Le caractère de cette crise sans exemple suscite en mon esprit je ne sais quelle religieuse terreur ; j’ai tout tenté pour me dérober, par l’étude, à cette sorte d’obsession : ni l’histoire ne me fournit d’analogies pour comprendre, ni la politique d’inductions pour conclure, tant l’invraisemblance de nos malheurs l’emporte encore sur leur étendue !

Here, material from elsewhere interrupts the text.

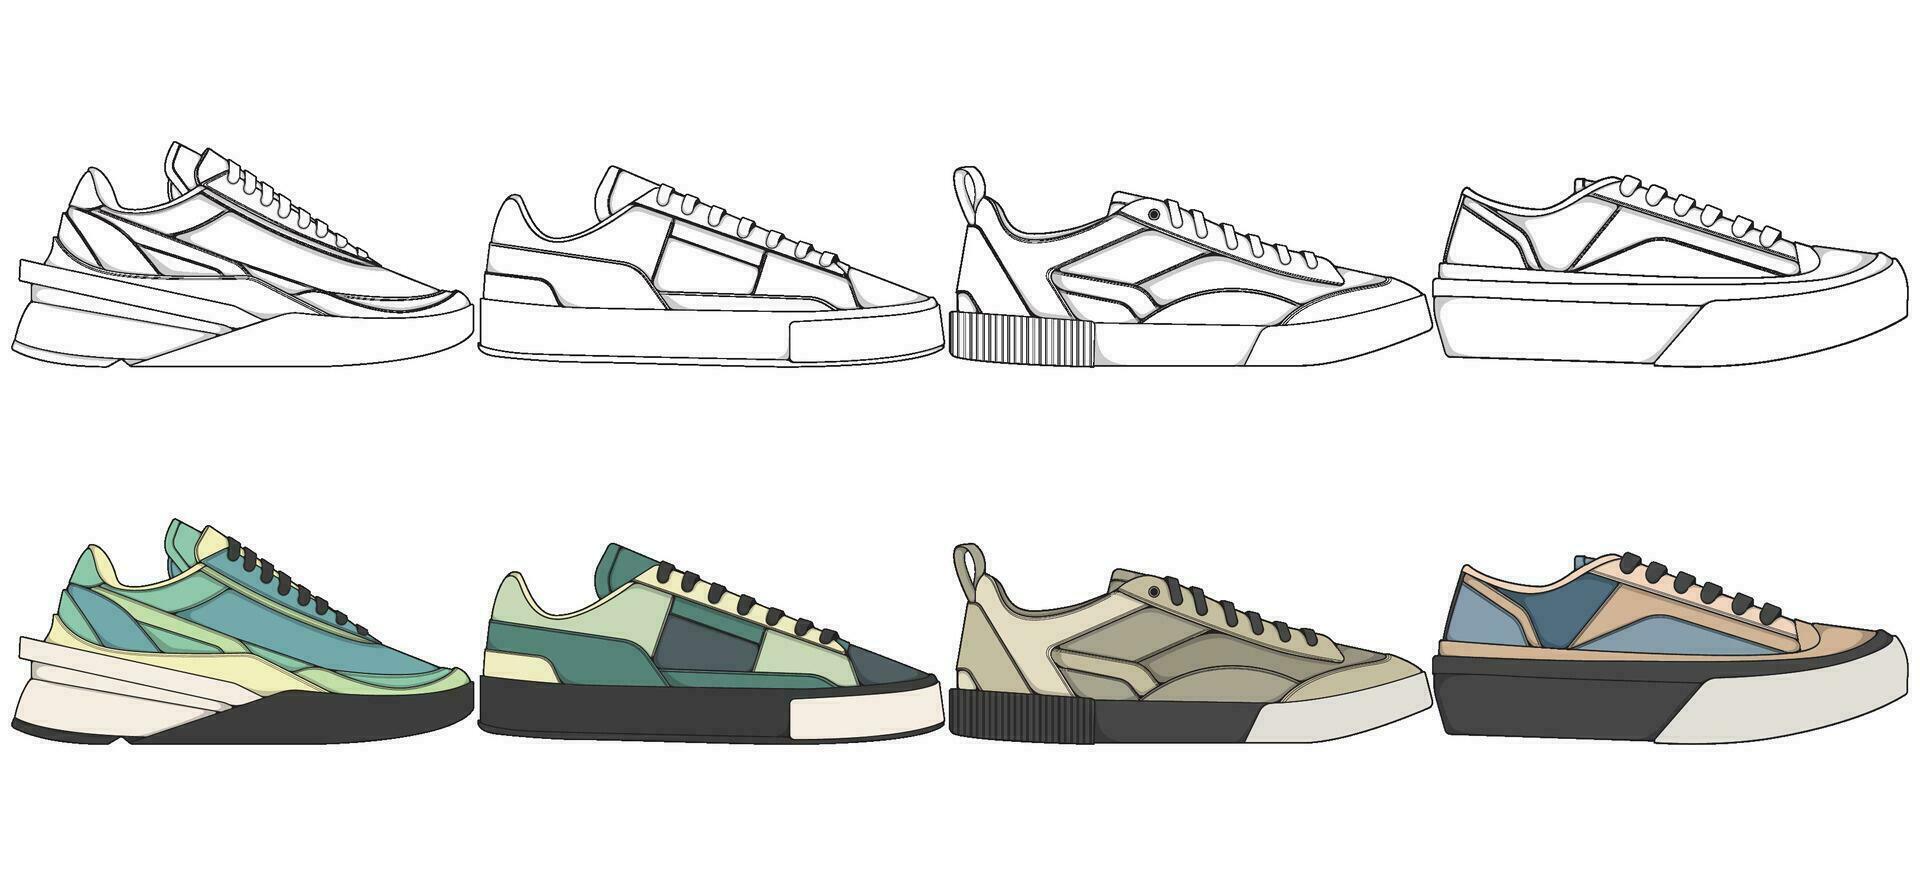 conjunto de Zapatos zapatilla de deporte dibujo vector, zapatillas dibujado en un bosquejo estilo, empaquetar zapatillas entrenadores plantilla, vector ilustración.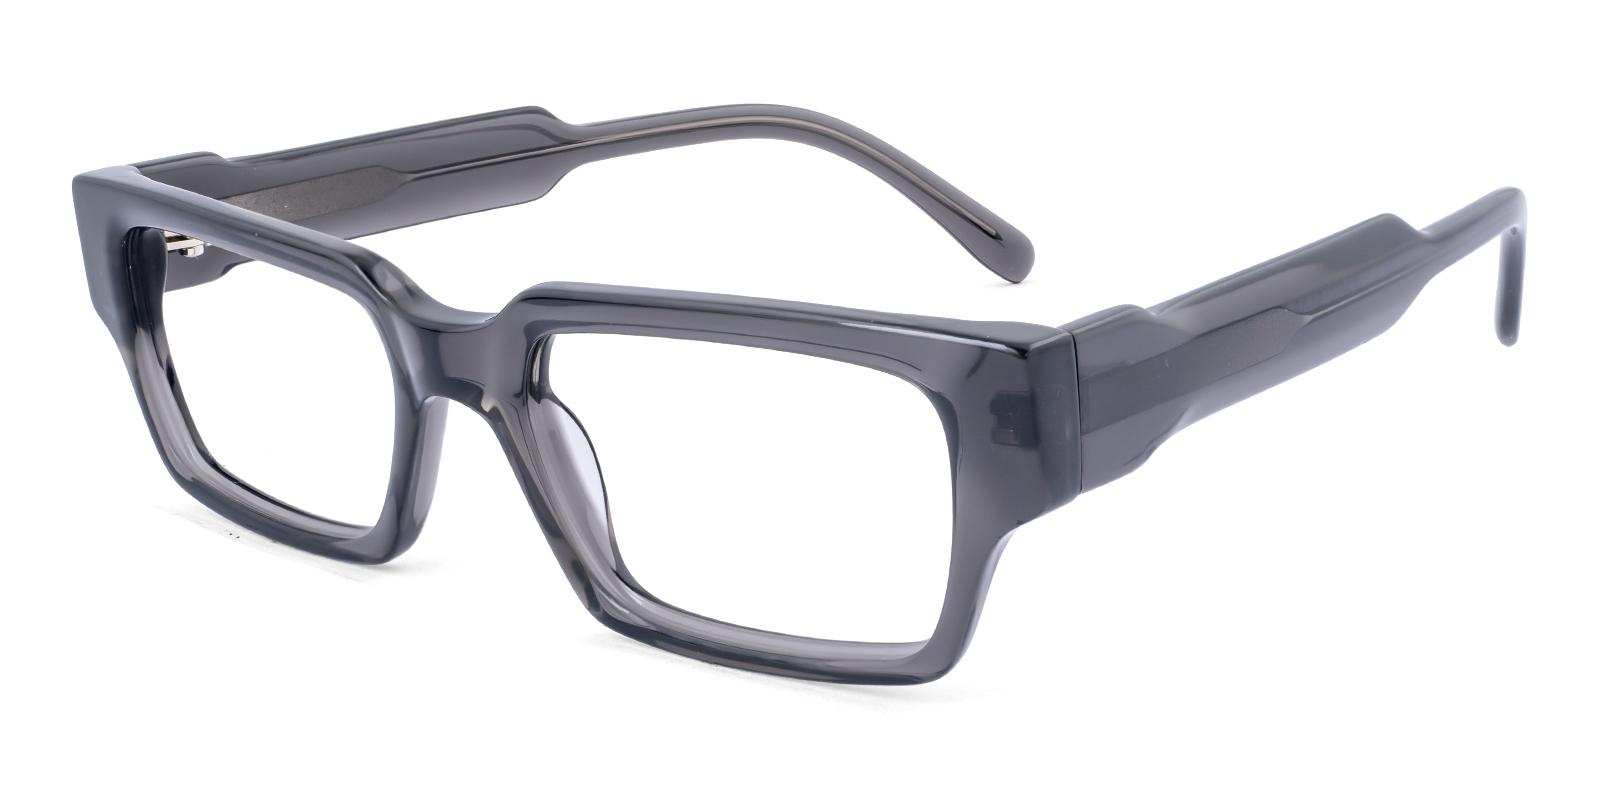 Stoop Gray Acetate Eyeglasses , UniversalBridgeFit Frames from ABBE Glasses

J’ai voulu compléter mon Histoire du gouvernement représentatif en la poussant jusqu’au rétablissement du régime parlementaire imposé au pouvoir personnel par la volonté du pays ; mais, repris en présence de tant de problèmes nouveaux, ce travail m’a fait éprouver une douleur dont je ne soupçonnais pas l’amertume, celle de douter, sur la fin de sa carrière, des idées qu’on a le plus fidèlement servies. Je me suis réfugié dans la prière pour chercher plus haut le secours que me refusait ma faiblesse, et j’ai demandé à Dieu de détacher mon cœur de ce monde qui semble s’abîmer dans la nuit. Mais l’homme ne reçoit pas toujours ce don fortifiant de prier, plus rare peut-être aux heures où les plus fortes âmes semblent fléchir sous la mystérieuse grandeur des épreuves. Afin de trouver quelque apaisement dans la sereine contemplation du beau, j’ai repris nos écri-

  1. Un mois après ces lignes écrites, mon fils succombait, à l’âge de vingt-sept ans, aux fatigues du voyage d’exploration qui l’avait conduit des bouches du Mékong a celles du fleuve Bleu, à travers le Cambodge, le Laos, la Birmanie et l’Empire chinois.